A turning point in my understanding came during an opportunity to visit to a customer’s head office in Houston, Texas. This provided dedicated time to observe schedulers and planners in their real working environment. I conducted interviews across many scheduling roles, observed users interacting with CX at their desks, and saw firsthand where workflows broke down or felt unintuitive. It was a clear reminder that what appears simple in the design does not always translate to clarity in practice.

That in person experience significantly accelerated my domain understanding. Over time, relationships with several users strengthened to the point where they were willing to review early concepts, provide feedback on proposed features, and actively participate in improving the product. What began as limited access evolved into a relationship with shared excitement for sneak peaks and improvements to the software they used daily.

With the right tools in place, I led the redesign for CX that clarified information architecture and made CX accessible to non expert users without sacrificing efficiency for power users.

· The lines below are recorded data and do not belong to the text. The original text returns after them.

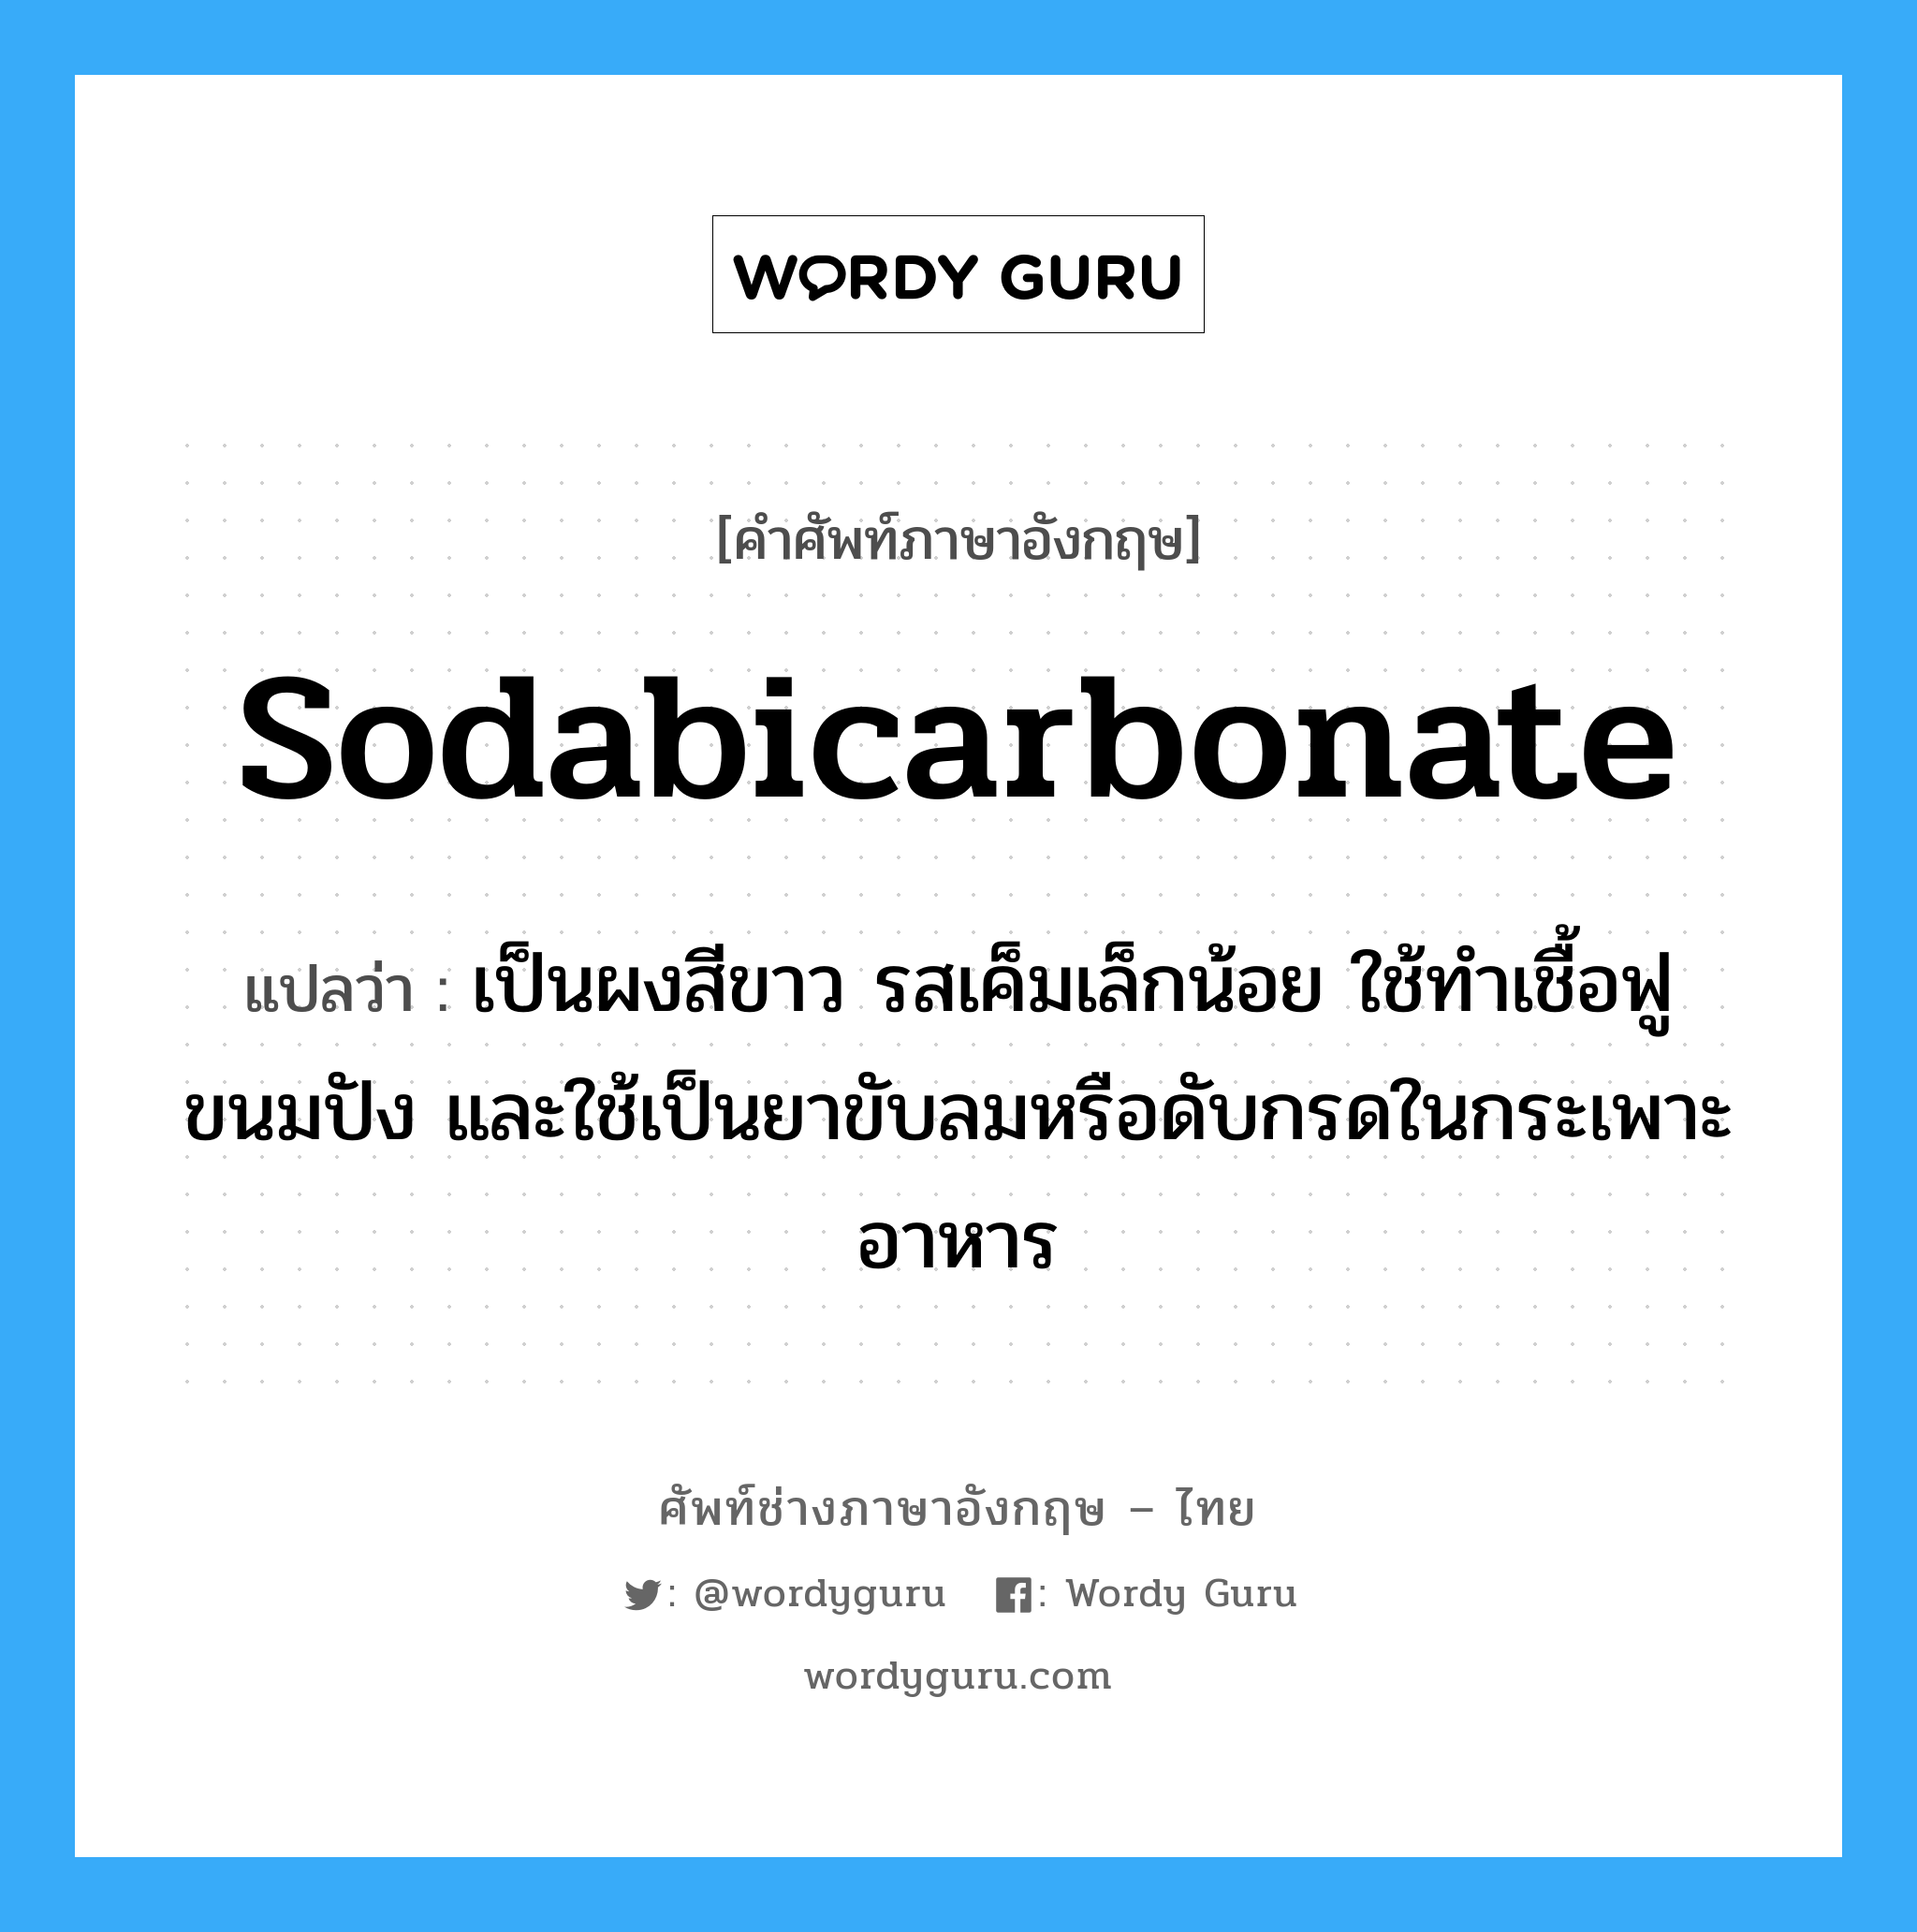 sodabicarbonate แปลว่า?, คำศัพท์ช่างภาษาอังกฤษ - ไทย sodabicarbonate คำศัพท์ภาษาอังกฤษ sodabicarbonate แปลว่า เป็นผงสีขาว รสเค็มเล็กน้อย ใช้ทำเชื้อฟูขนมปัง และใช้เป็นยาขับลมหรือดับกรดในกระเพาะอาหาร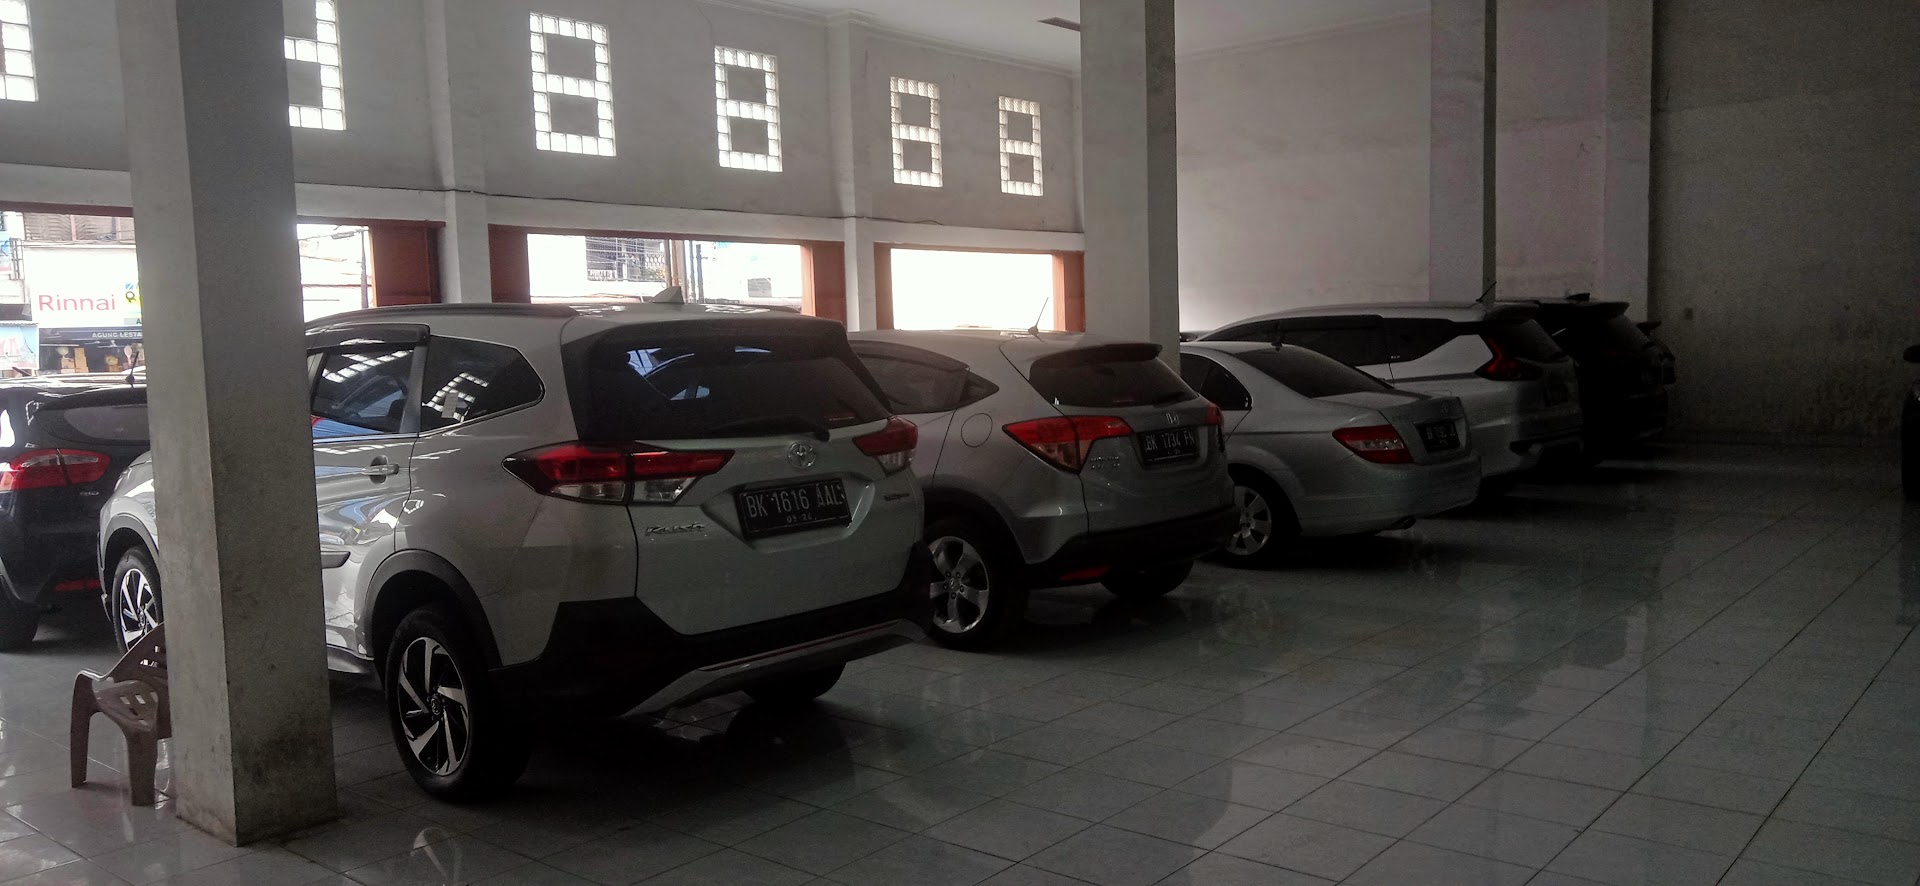 Indola Mobil - Jual Beli Mobil Bekas Berkualitas Medan Photo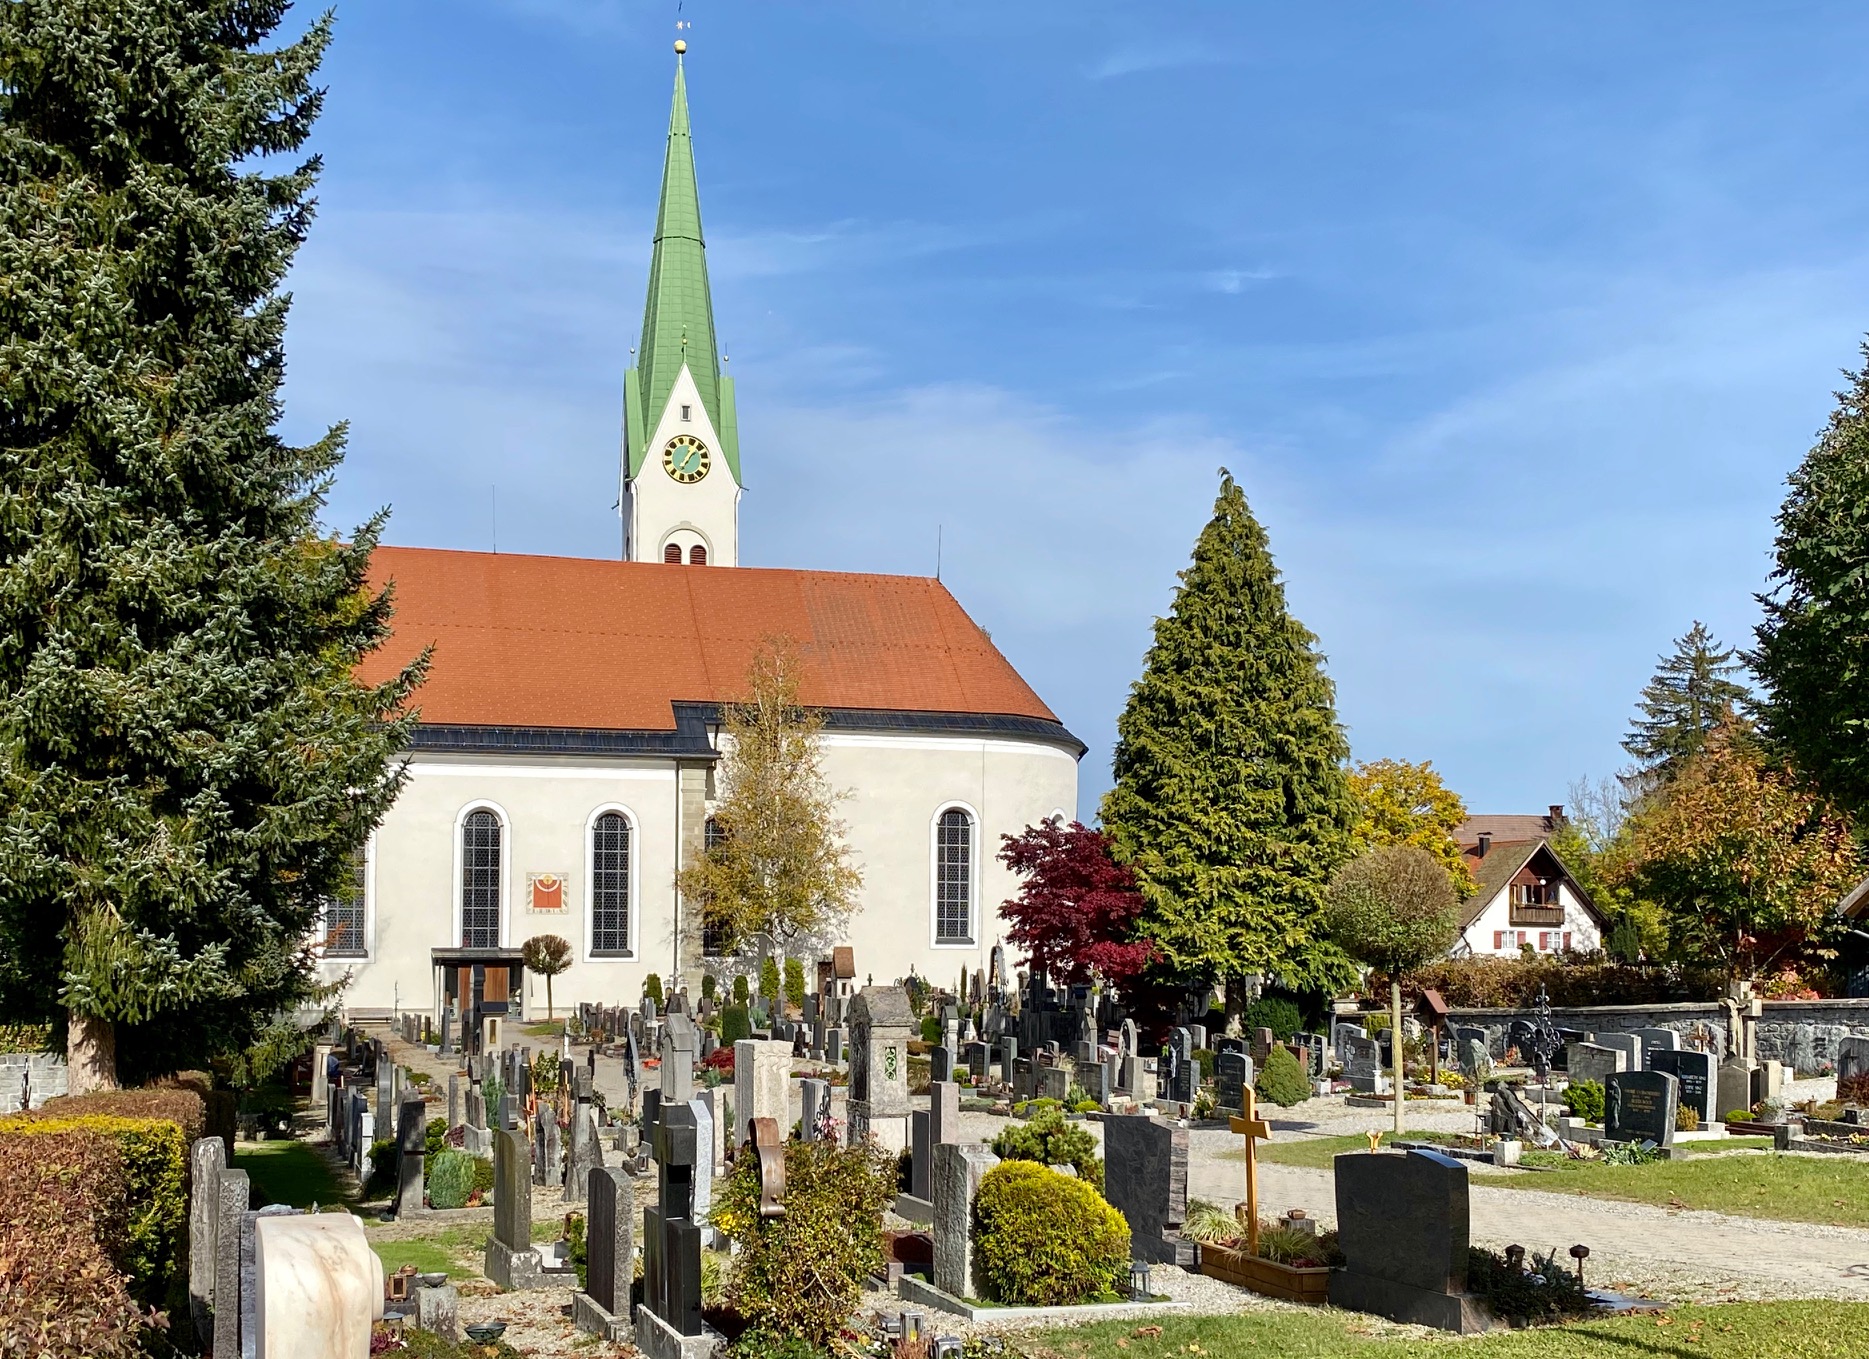  Blick auf Friedhof Weiler im Allgäu und auf die Kirche - das Bild wird mit Klick vergrößert

CX redesign for both desktop and tablet

Impact

Across four years, the work was iterative rather than singular. CX did not change overnight. Instead, it improved release by release: clearer workflows, more consistent interaction patterns, expanded functionality, and a more approachable experience. During this period, the development team also transitioned the product from an on premise architecture to a SaaS model. This shift dramatically increased the product’s ability to evolve, enabling smoother upgrades, and more continuous improvement.

As CX absorbed more core capabilities and benefited from a modern delivery model, it began to represent a long term strategic direction for the product line. With continued iteration and design vision, CX had the potential to not only complement Upstream, but eventually succeed it one day, offering comparable capability in a system that was significantly more modern, maintainable, and adaptable.

The result was a product that grew in capability while becoming easier to understand, easier to navigate, and more broadly adopted within customer organizations.

My Takeaway from Actenum

In the oil and gas industry, efficiency is directly tied to financial impact. A single day lost due to scheduling inefficiencies or errors can represent millions of dollars in lost production, labor costs, and equipment rentals. While CX was one piece of a much larger operational system, I am proud of the role I played in improving the software used to manage these schedules. Making CX usable with minimal training allowed organizations to extend access beyond a small group of experts, increasing schedule access and improve overall effectiveness.

By introducing a structured design process grounded in research, SME collaboration and user feedback, design became a core part of product development at Actenum. Output increased in both volume and quality, and decisions were no longer purely feature driven. They were informed by usability, workflow efficiency, and a deliberate focus on user needs before development began.

The changes to CX directly influenced adoption and customer perception. As usability improved and functionality expanded, customers reported greater value from the product. Colleagues shared that users were genuinely excited about new features and enhancements, a notable shift from the earlier reluctance around engagement.

On a personal level, this experience reshaped my confidence as a designer. I built a functioning design process from scratch within a growing organization. I learned how to understand complex enterprise software in a domain I initially knew nothing about, with limited direct user access. I proved to myself that I could operate as the sole designer in a company. Setting direction, raising standards, and continuously improving both the product and my own capabilities.

My time at Actenum clarified the trajectory I want for my career: designing complex B2B enterprise software where usability, clarity, and efficiency are central to success. CX was the next stride forward in my growth into a user centred enterprise product designer.